Records supplied —
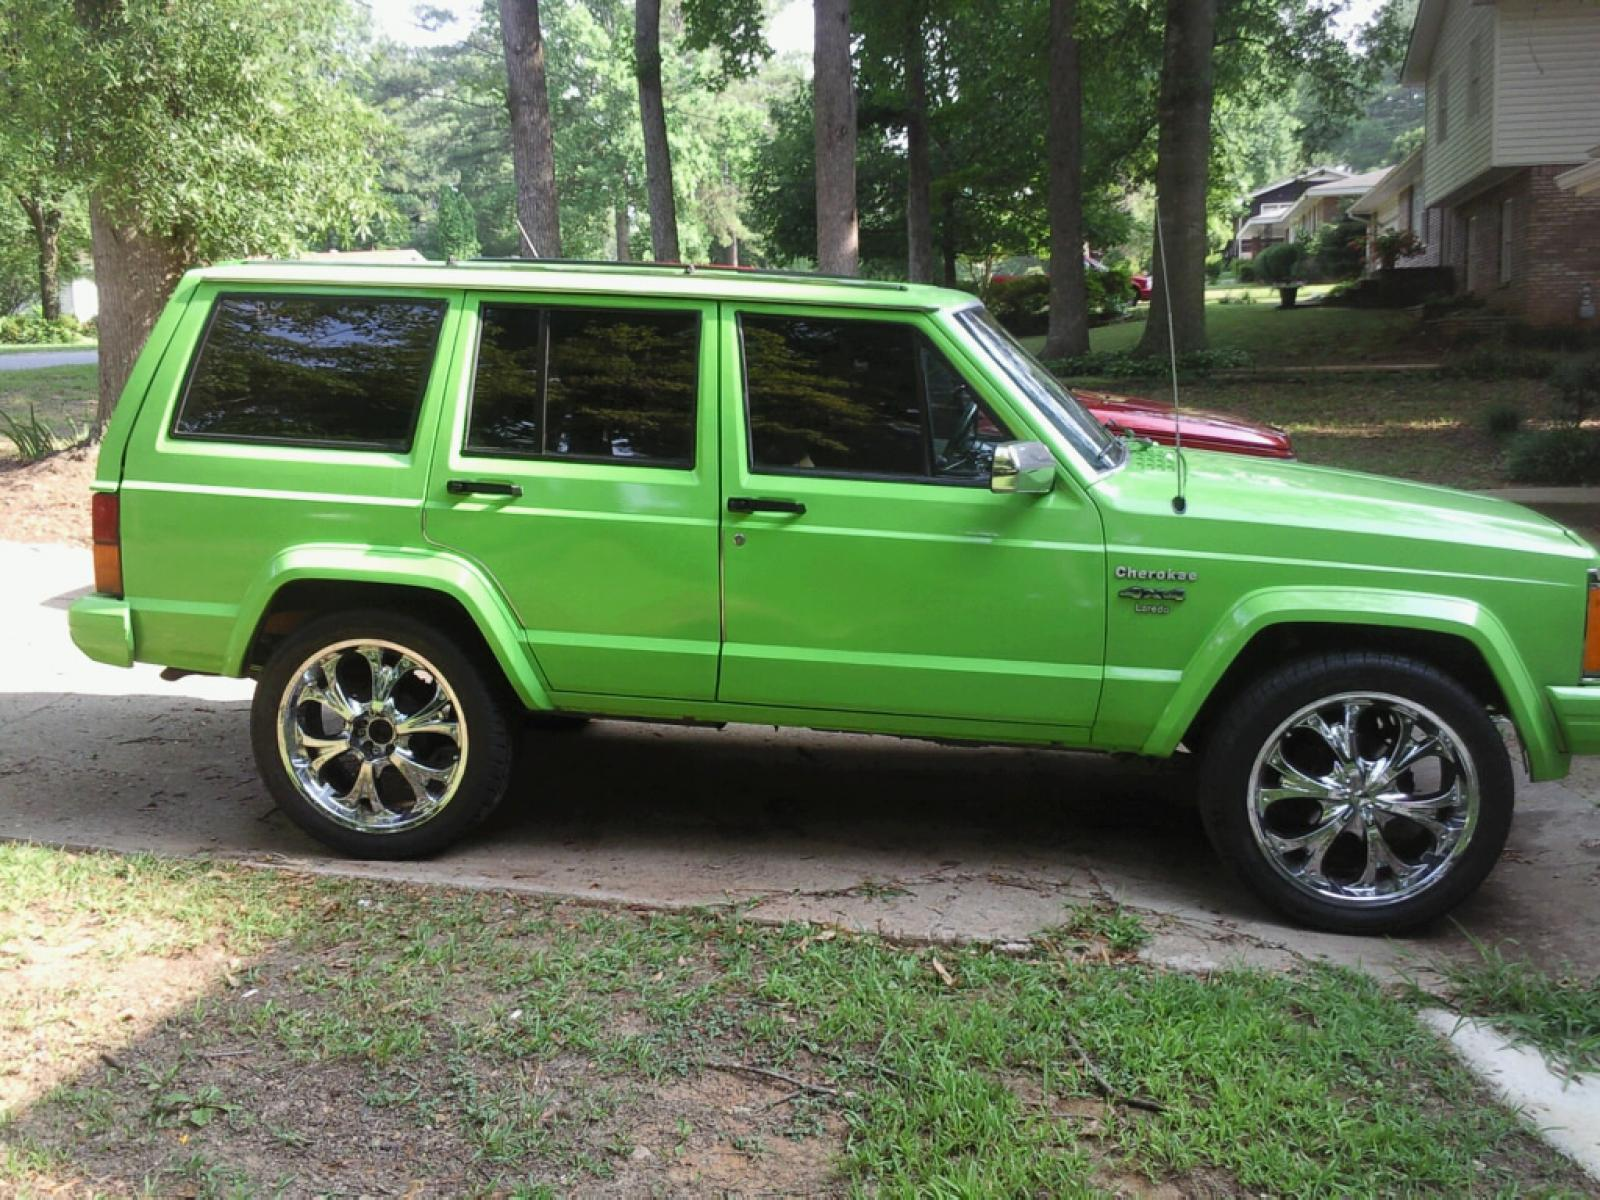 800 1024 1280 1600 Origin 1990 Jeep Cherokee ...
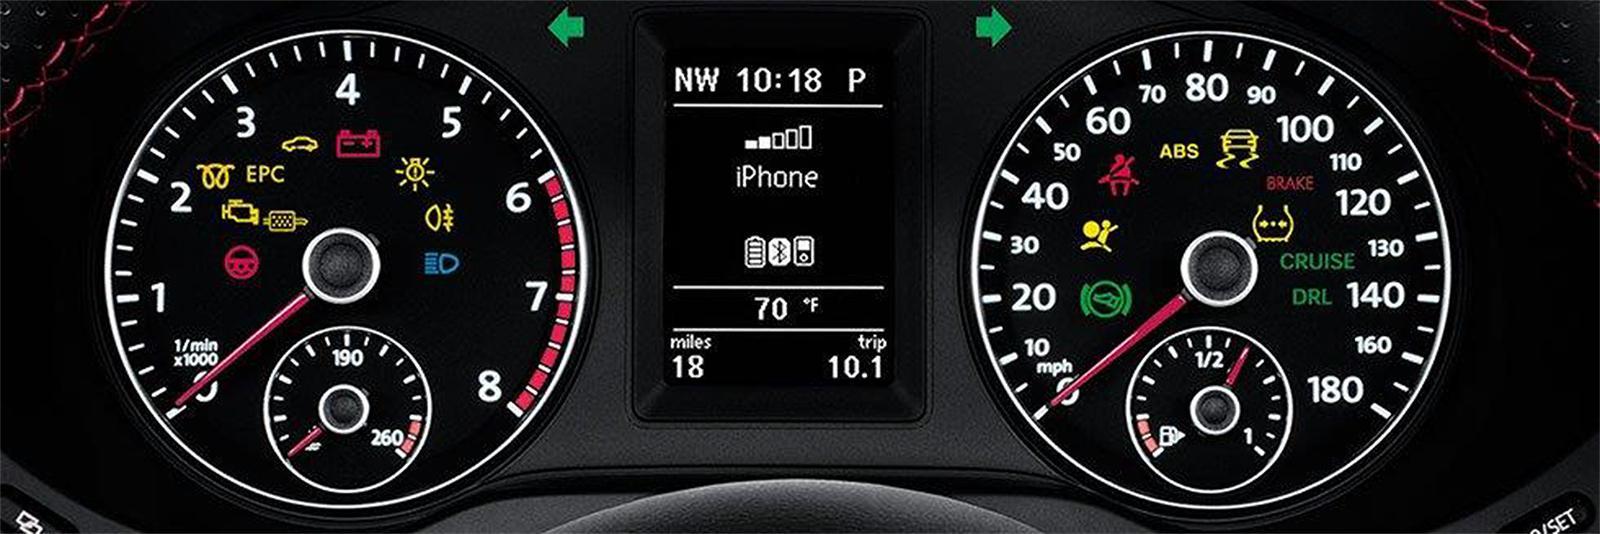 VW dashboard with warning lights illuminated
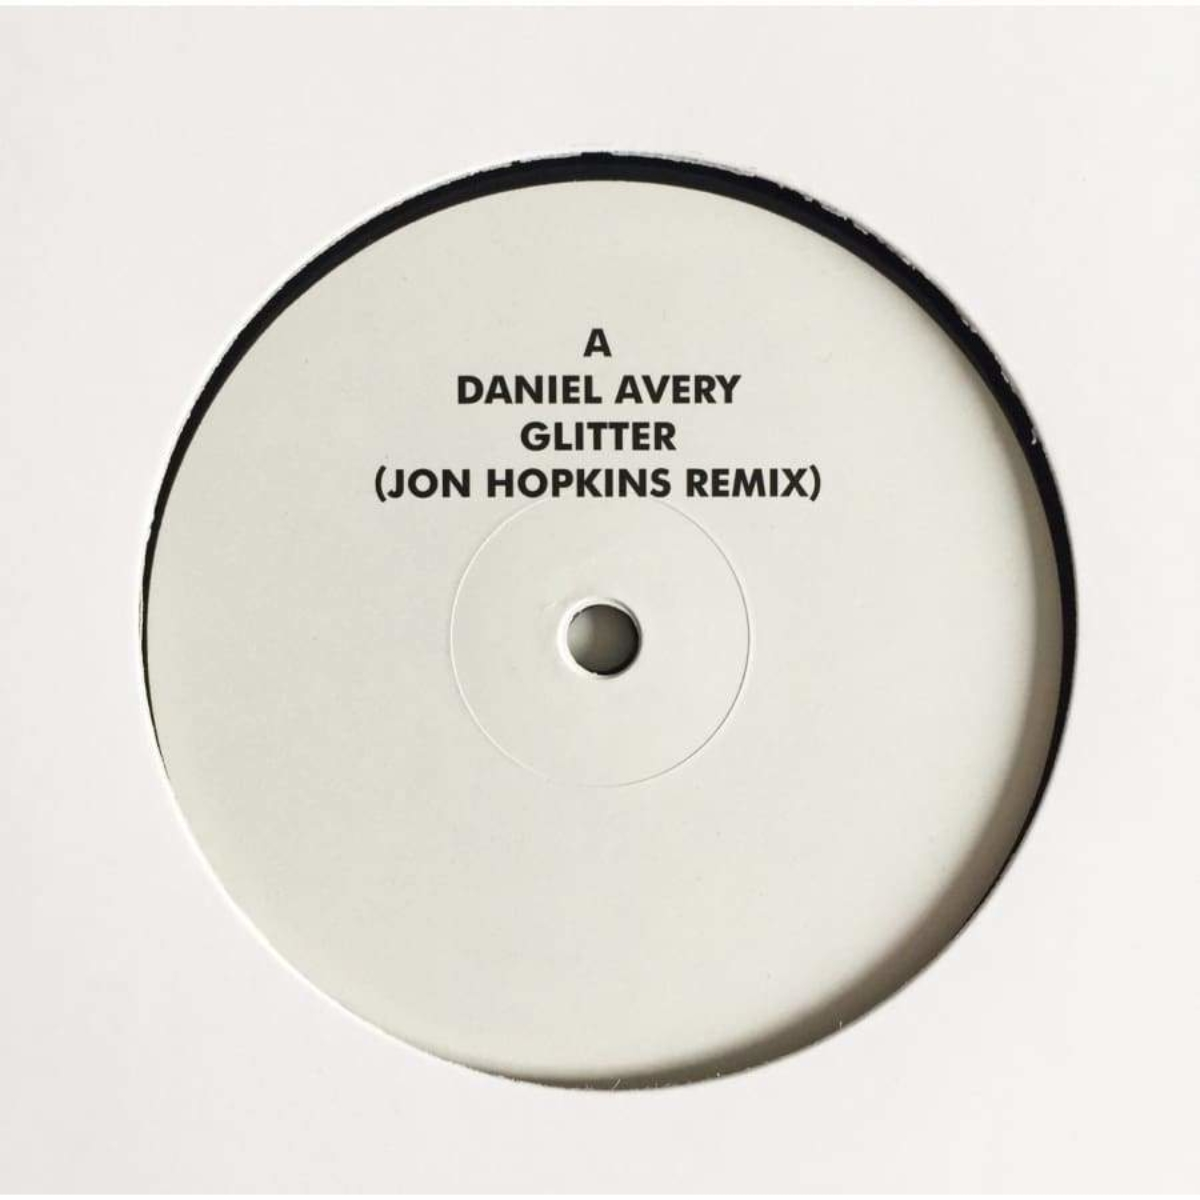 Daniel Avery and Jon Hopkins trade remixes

---

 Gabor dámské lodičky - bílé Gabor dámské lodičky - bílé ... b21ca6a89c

Work order — Set down exactly the lines above, from the line containing "800 1024 1280" through the line containing "Daniel Avery and Jon Hopkins trade remixes". Skip the pictures.

Solution to this problem —
 800 1024 1280 1600 Origin 1990 Jeep Cherokee ...
 VW dashboard with warning lights illuminated
 Daniel Avery and Jon Hopkins trade remixes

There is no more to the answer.